The last few years have regrettably made the phrase “Republican pollster” less a job title than a punch line. From the 2012 election, where many in the GOP were stunned by the Obama campaign’s victory, to the 2013 closer-than-expected Virginia gubernatorial race, all the way to the present, Republican polling as of late has been a much-maligned sector of the campaign-industrial complex, and not without reason.
This past week, prominent Republican pollster John McLaughlin came under fire for his firm’s polling that showed House Majority Leader Eric Cantor up by 34 points over his insurgent opponent, David Brat, in his Congressional primary in Virginia. Cantor and his team, assuming a relatively easy victory was imminent, were blindsided last Tuesday in a double-digit loss.
While there’s definitely a need for accountability in terms of what campaign consultants are providing for their price tags, the piling-on of McLaughlin has been unseemly and dishearteningly personal. He is not the only pollster to get a race wrong, not by a long shot. For instance, in 2012, nonpartisan pollster Gallup whiffed and showed Romney ahead on Election Day nationwide. In 2013, most pollsters in the Virginia’s governor’s race underestimated just how close Virginia’s Republican Attorney General Ken Cuccinelli was in his bid to defeat Democrat Terry McAulliffe.
With fewer and fewer people picking up the phone to bother talking the pollsters in the first place, getting it right is hard.
But for a movement that has been caught off-guard by multiple election outcomes lately, the singular and personal focus on tearing down one consultant misses that this is a pattern.

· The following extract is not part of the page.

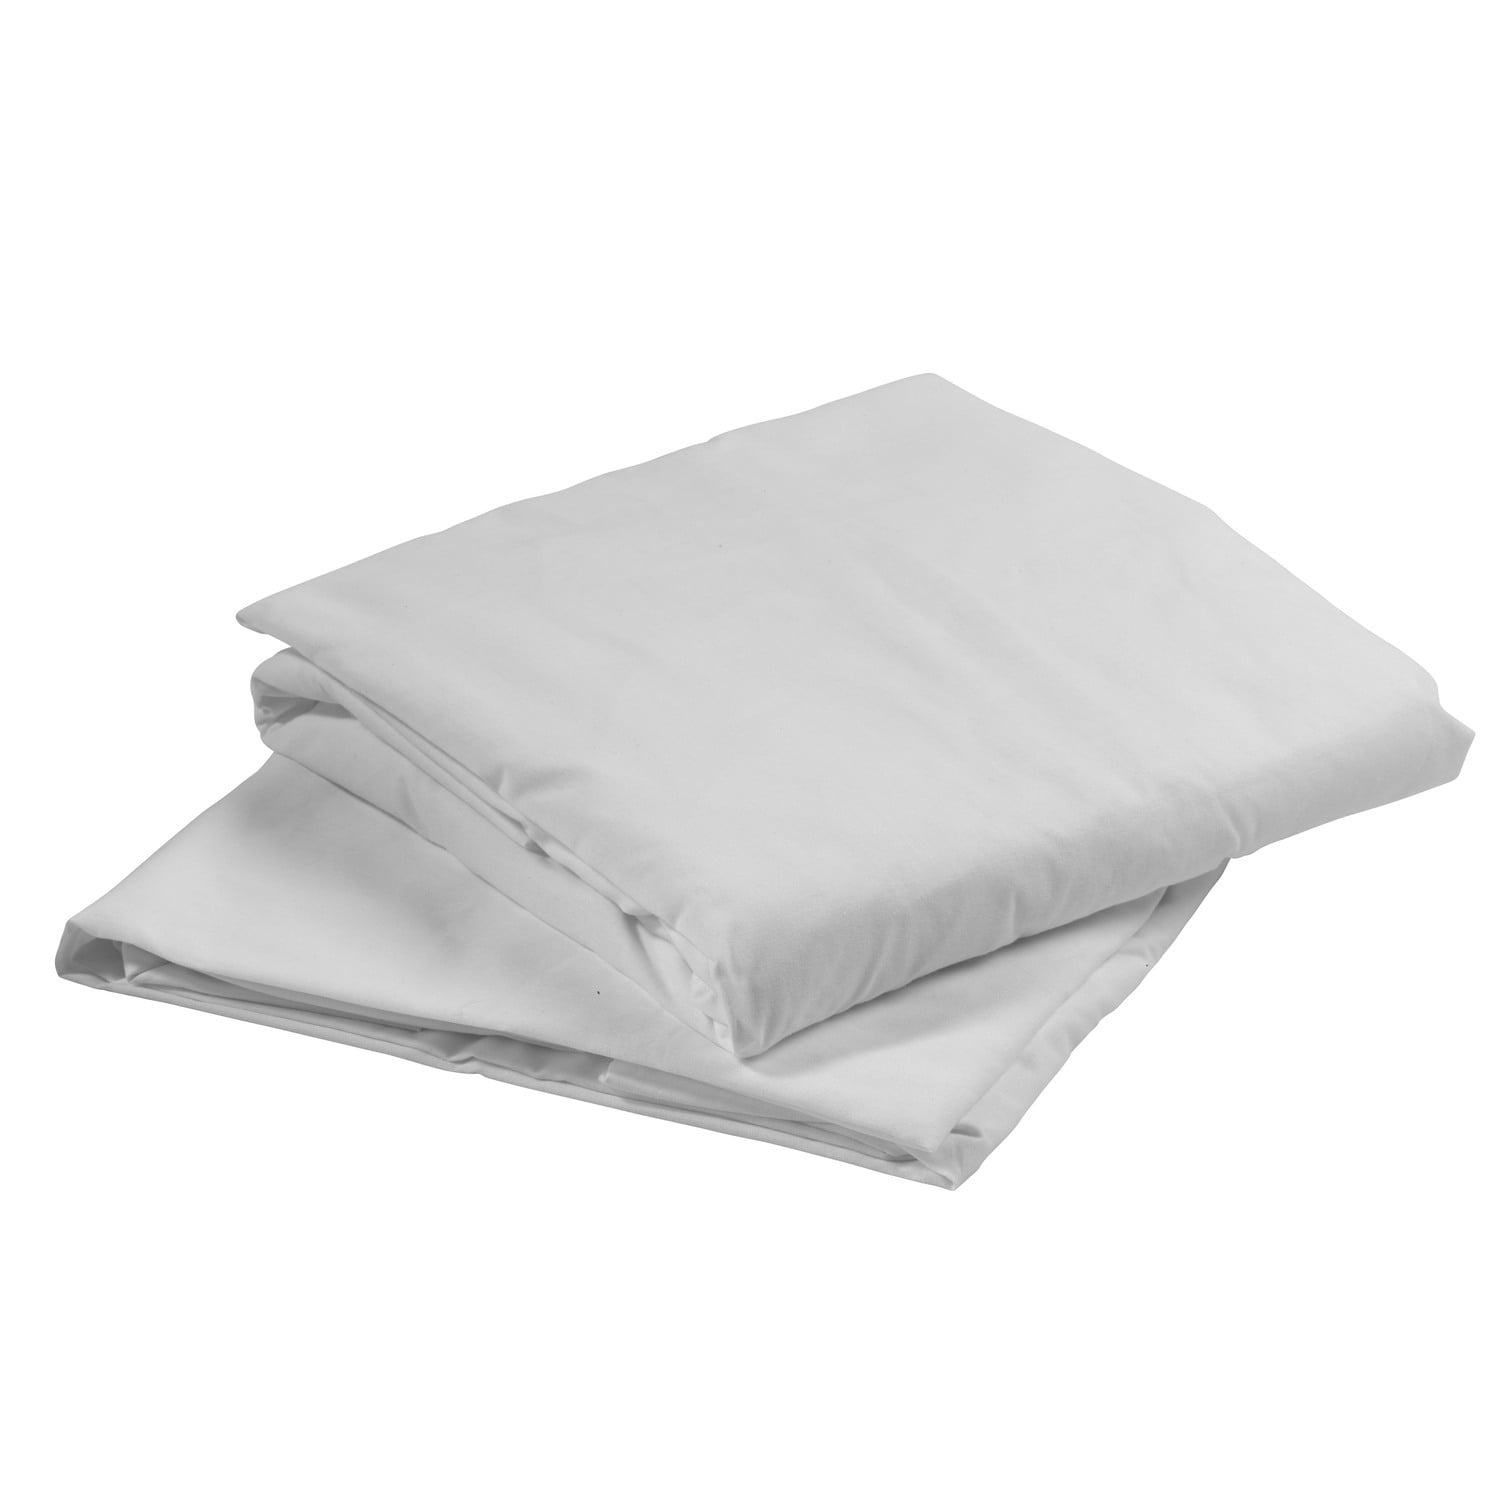 5 new premium white contour twin knitted fitted sheet hospital bed 36x84x16 30oz

The more important question for Republicans to ask: Do we really know how to decide who is and isn’t a “likely voter”?
The way many pollsters do their research has been to call people off of a list of registered voters, calling only those who typically vote in elections like the one in question. (Pollsters define “typically” however they want.) If you’re an irregular or infrequent voter, you’re not getting called, on the assumption that you’re probably not going to hike out to your polling place this particular time if you never really have before. Apparently, both the McLaughlin poll as well as the other major public poll in the Cantor race used such a methodology, screening out “non-likely voters” on the front end.
The reason pollsters do this makes sense. Asking voters to tell you how likely they are to vote is a dangerous proposition, given that voters’ stated intentions don’t always match up with what they do. Yet using vote history alone to decide who is or isn’t a “likely voter” may have been the fatal flaw in the research.

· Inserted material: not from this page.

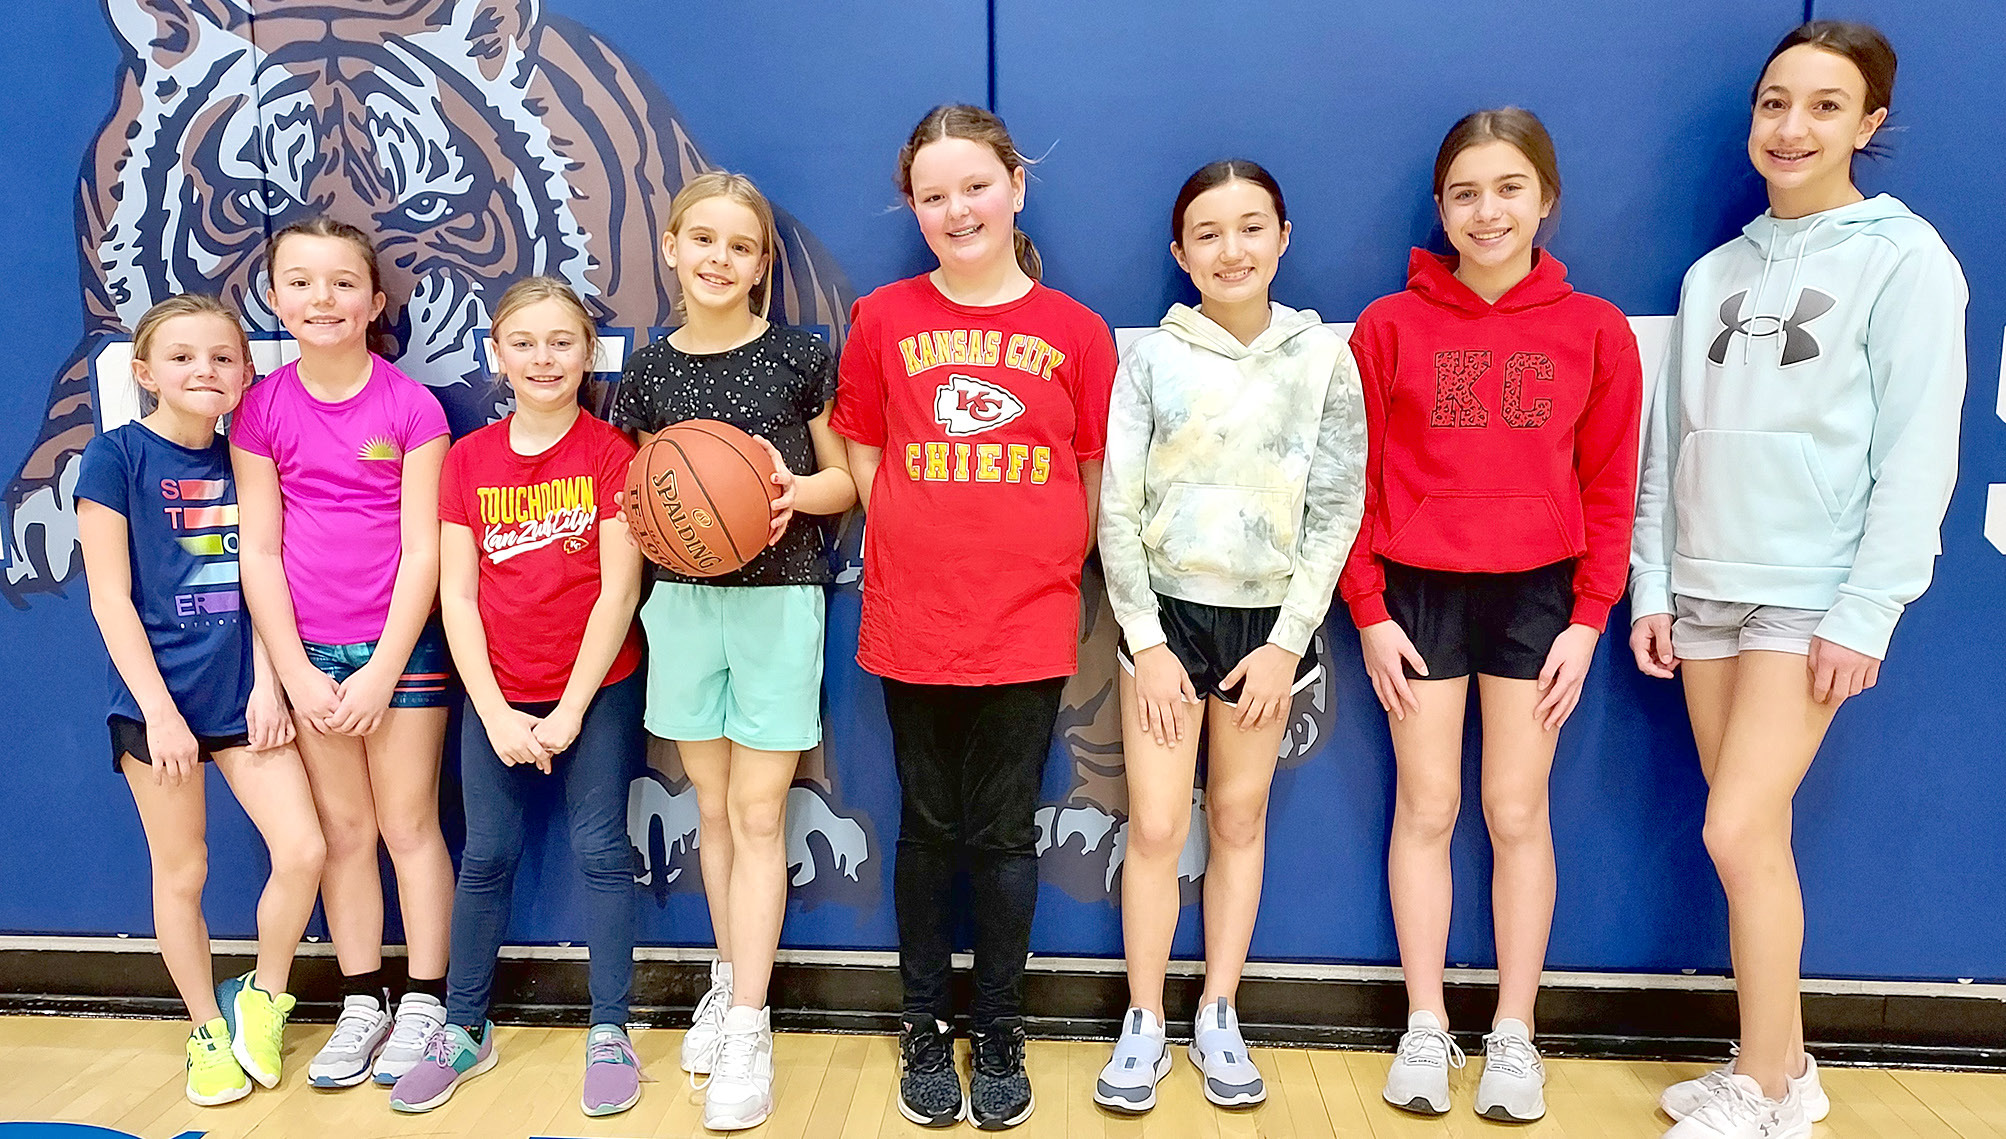 EIGHT GIRLS participated in the St. Thomas Knights of Columbus Free Throw Contest on Sunday, January 28th. Pictured are (from left) Norah Muir, Cambry Glendening, Emery Peterson, Makinley Riener, Tessa Look, Corbyn Glendening, Harper Lowry, and Jenna Berland.

Cantor hadn’t faced a primary opponent in 2008 or 2010, so there wasn’t a lot of voting history to draw on there. In 2012, around 33,000 people turned out for the GOP presidential primary in Cantor’s district, and around 47,000 people turned out in that year’s congressional primary, which was not strongly contested and in which Cantor cruised to victory.

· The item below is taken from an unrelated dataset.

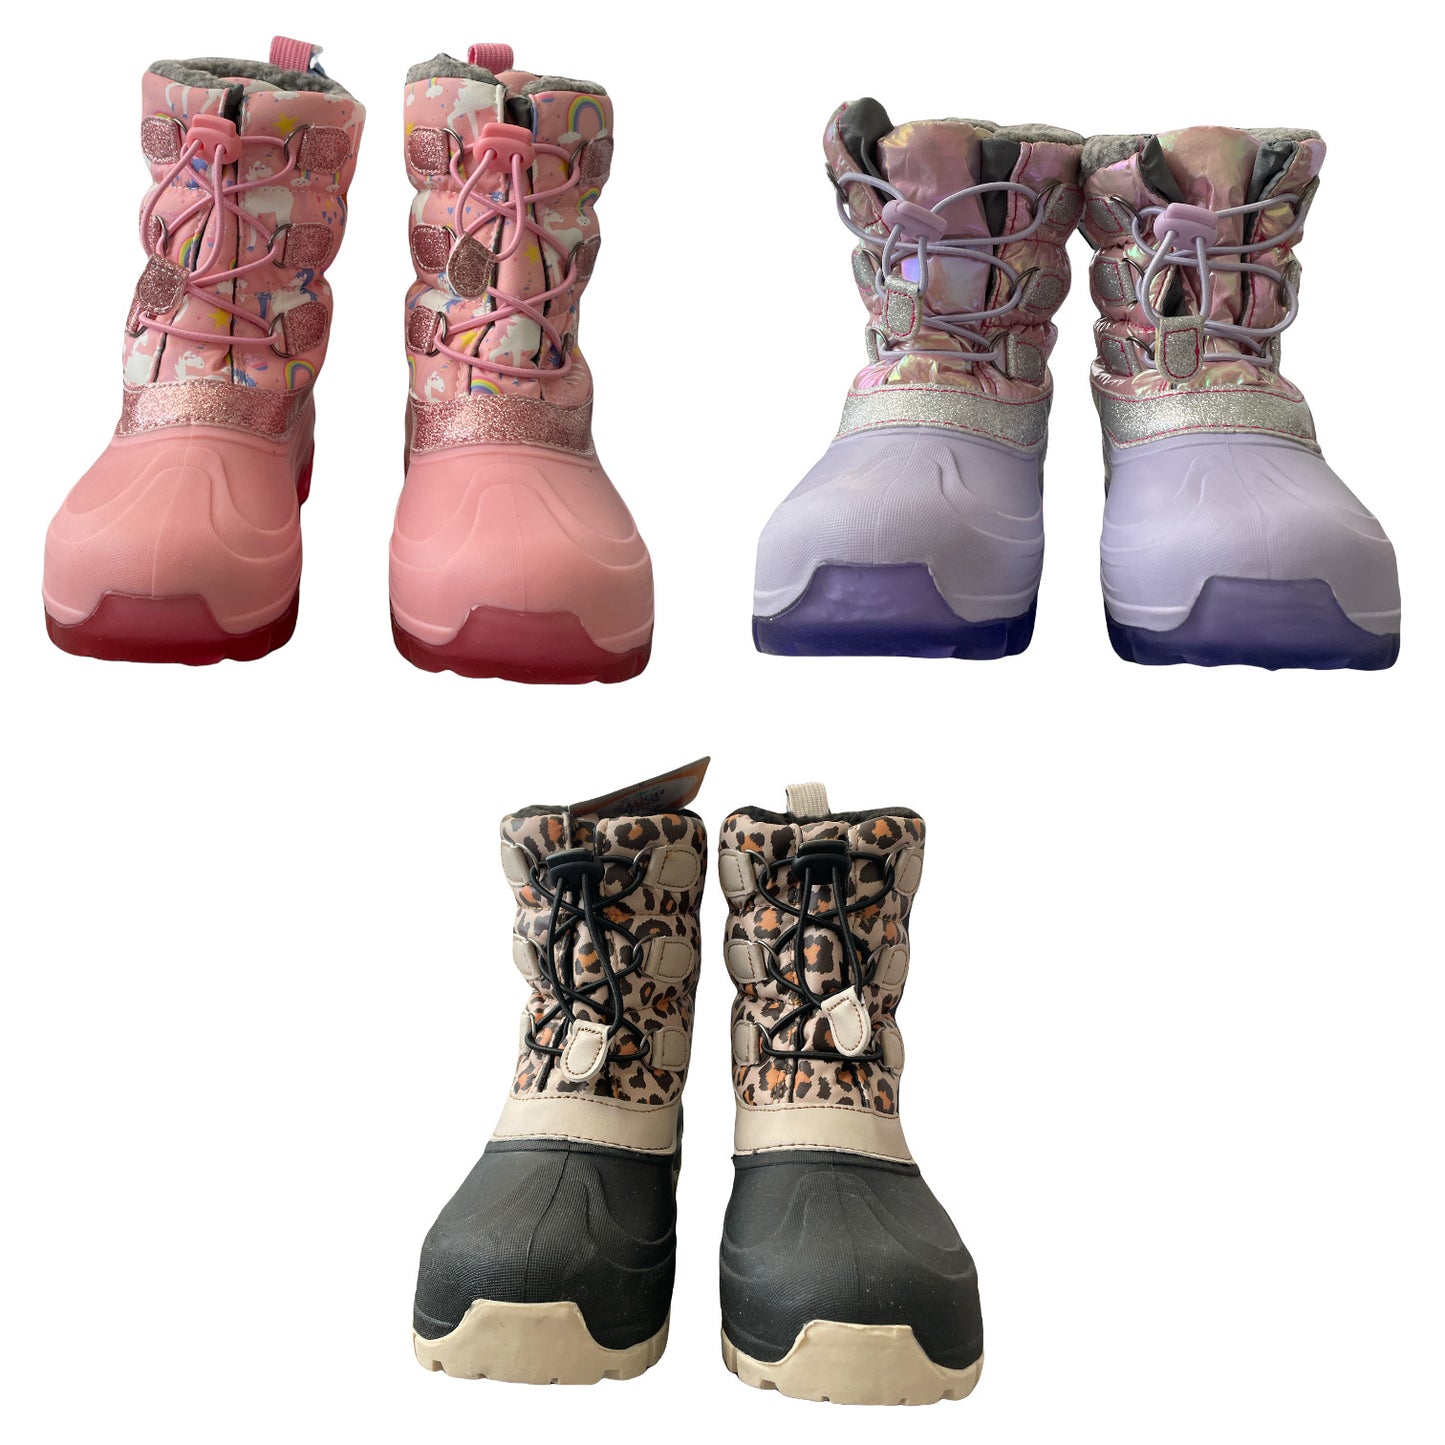 Member's Mark Toddler Girl's Water Resistant Snow Boot W/ Warm Lining

This year? More than 65,000 votes were cast. If you were only calling people who had an established history of voting in Republican primaries in that district, you were missing tons of potential voters.
So if we know that our “likely voter” screens are a problem, that people aren’t great about assessing their own likelihood to vote, that looking at voting history in isolation can lead us to miss out when the electorate has completely changed, what is there to do?
The reality is that the electorate is changing. In 2012, many Republicans thought there was no way that turnout among groups like African-Americans or the young could possibly keep pace with 2008. They were wrong. The remarkably effective turnout machine of the Obama campaign proved they could continue to create the electorate they needed to win. And without a clear, evidence-based model for who is and isn’t likely to vote, new research suggests the ups and downs you see in your polling might just be sampling bias (PDF) rather than real movement of opinion.
In the 2013 race for governor in Virginia, one pollster did get a tough race right on the money—Democratic pollster Geoff Garin. He used previous vote history as just one of a variety of factors, built on sophisticated modeling, to assess someone’s likelihood of voting. Or take Harry Reid’s pollster Mark Mellman, who has said that he is less concerned with identifying if individuals are or aren’t “likely voters” but instead focuses on figuring out what the “likely electorate” will be and building his samples accordingly. In interviews this week, McLaughlin noted that “polls don’t predict turnout,” but with the use of good modeling and smarter analytics, it seems top Democrats might disagree.
This isn’t just about one political consultant or one high-profile miss. This is about the future of polling, analytics, and what we can (and can’t) know about the people who might cast votes. If polling data are supposed to tell us the story of what’s going on in an election, we need to make sure that story isn’t just a fairy tale.